When Perceval became prime minister, Bankes, who doubted if the ministry could do without Canning, remained ‘out of invitation distance’.12 Perceval had resisted his manifesto of 8 June 1809 that every superfluous office should be abolished and the salary reduced to that of the acting deputies. On 31 Jan. 1810 Bankes was re-elected unopposed to the finance committee and resumed the chair. Opposition had encouraged him by rejecting three of Perceval’s nominees and when Perceval in return resisted the revival of the reversion bill, the House called for the bill by acclamation. Bankes remained independent: he had voted for the address, 23 Jan., but with the opposition majority for the Scheldt inquiry on 26 Jan. and again on 23 Feb. On 1 Mar. he was prepared to oppose the army estimates, had there been a division. On 5 Mar., however, he was in the government majority, denying the cabinet’s right to veto Chatham’s confidential report to the King on the ground that the cabinet had no constitutional existence. On 9 Mar., in the debate on the subsidy to Portugal, he opposed ministers violently. The Whigs were not surprisingly ‘doubtful’ of him, though he was in the minority on the conclusion of the Scheldt inquiry on 30 Mar. Meanwhile, his fourth reversion bill had been rejected in the Lords on 26 Feb., and a fifth, brought in on 20 Mar. against his better judgment, was likewise rejected. On 31 Mar. he announced his opposition to parliamentary reform, which he had supported only ‘at a time that he supposed the respectable part of society wished for these changes’. He voted against the release of the radical Gale Jones, 16 Apr., and against Brand’s motion for reform, 21 May.

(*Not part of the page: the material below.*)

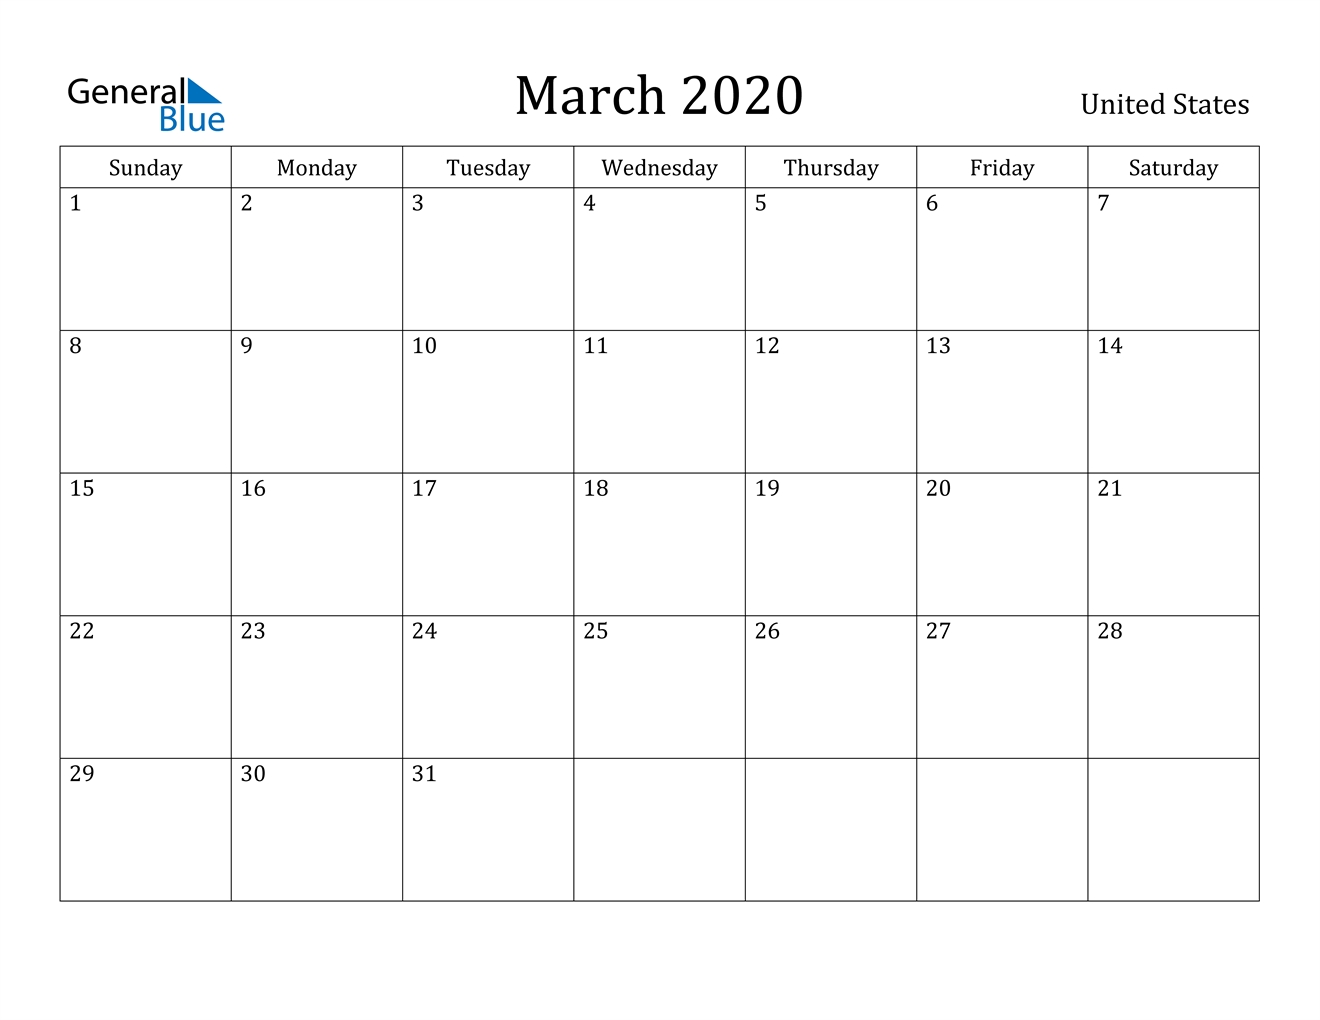 March 2020 Calendar - United States

Bankes’s initial emphasis in his campaign against sinecures on the need to reduce the power of the crown had shifted to making it a moral end in itself, without counting the cost. On 16 May to meet his critics, he proposed to replace sinecures by a pension fund whereby government might reward services rendered. The proposal was rejected by 99 votes to 93. Nevertheless, he obtained a select committee to investigate sinecures, securing the support of Canning and his friends as well as of opposition. In this, Fremantle reported, he was ‘inexorable, and completely assumed the character of opposition by haranguing us in the lobby and imploring us to stay’.13 He voted with opposition on the Regency questions of 1 and 21 Jan. 1811, and on the latter day his nominees were accepted on the renewal of the finance committee and the select committee on sinecures. Government resisted his sixth reversion bill of April 1811, which went to the Lords but was rejected there. On 31 May he was an ambiguous supporter of Catholic claims, who did not wish for immediate relief: only a week before there had been ‘a most curious scene in the House ... between Bankes and all the Irish’, when he called for the extension of the property tax to Ireland.14 In presenting the tenth report of the finance committee, 24 June, Bankes criticized military accounting. He was a spokesman for the resumption of cash payments by the Bank in July 1811, and so remained until 1818.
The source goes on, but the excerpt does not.